English Subtitles for the Deaf and Hearing Impaired

The Mighty Boosh

Come with us now on a journey through time and space...
Vince Noir and Howard Moon return for a third series of this cult hit. Now working in Naboo's second hand shop, 'Nabootique', Howard mainly whiles away the hours in delusions of grandeur whilst unsuccessfully trying to sell his esoteric jazz records, while Vince lays around in a hammock playing loud music, trying on wigs and finding Howard ludicrous. They assemble their usual accomplices, including Naboo the enigma and Bollo the ape, reunite us with some familiar faces including The Hitcher, The Moon and Bob Fossil, as well as introduce us to a whole host of new characters.

The Mighty Boosh

Eels - Naboo and Bollo are off on the Head Shaman's stag do, leaving Howard and Vince in charge of Nabootique. The duo challenge one another to a sales contest, each trying to sell their latest fads, Elbow Patches and The Indie Celebrity Radar. Things are going pretty well until an unexpected visit from the evil cockney Hitcher. After summoning Elsie Queen of Eels, The Hitcher demands protection money from the boys, but this is money the boys just don't have...

Journey To The Centre Of A Punk - In an attempt to impress his new punk mates, Vince rebelliously bites Howard's rare jazz record. Unbeknown to Vince however he has bitten off more than he can chew as the corruptive Jazz Beast enters his blood stream. As Vince's life hangs in the balance, Naboo has no alternative but to shrink Howard and his jazz companion Lester Corncrake down to the size of a pea and send them into Vince's body to locate and kill the invasive cell. Can they kill the Jazz Beast before it kills Vince?

The Power Of The Crimp - Vince and Howard are distraught to learn they've had their style stolen by The Flighty Zeus. As The Flighty Zeus' popularity rages amongst the kids, The Boosh find themselves increasingly pushed out. The boys hope to regain their popularity with the invention of a new dance craze, Crimping, but with a massive face-off planned at The Velvet Onion, will Crimping be enough to win back their reputation?

The Strange Tale Of The Crack Fox - Whilst putting the rubbish out, Vince befriends the Crack Fox, inviting the poor soul into Nabootique for some hot soup. However, the Crack Fox is not as he seems and after knocking Vince out with his potent smell, he vanishes with Naboo's most precious possession, a bottle of Shaman Juice.

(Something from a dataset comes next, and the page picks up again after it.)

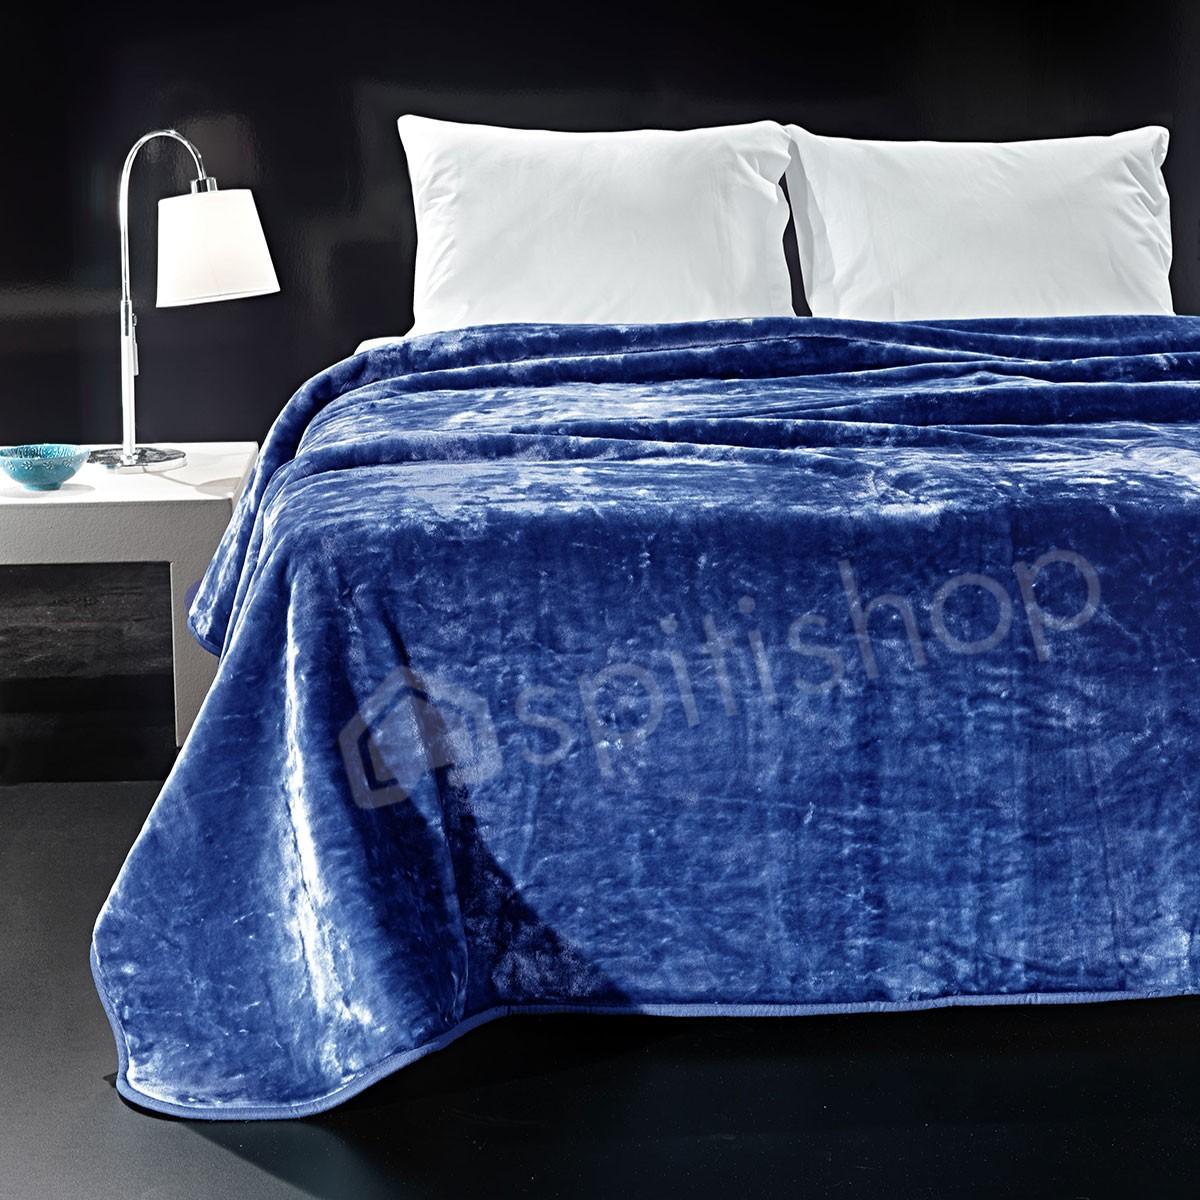 Κουβέρτα Βελουτέ Μονή Nima Kids Koyun Skydiver home   κρεβατοκάμαρα   κουβέρτες   κουβέρτες βελουτέ μονές

Punishment for the loss of the juice is death and whilst Naboo awaits his fate on Shaman Death Row, it's left to The Boosh to recover the juice and destroy the evil Crack Fox once and for all.

Party - It's Howard's birthday. Reluctant to celebrate, Howard finally succumbs to Vince's plan for a huge party. With Bollo on the door, Saboo and Harrison on the decks and Vince's uber-trendy friends on the dance floor, the party really starts to hot up. That is, until someone is caught in a compromising position with the Head Shaman's wife in Naboo's stock room.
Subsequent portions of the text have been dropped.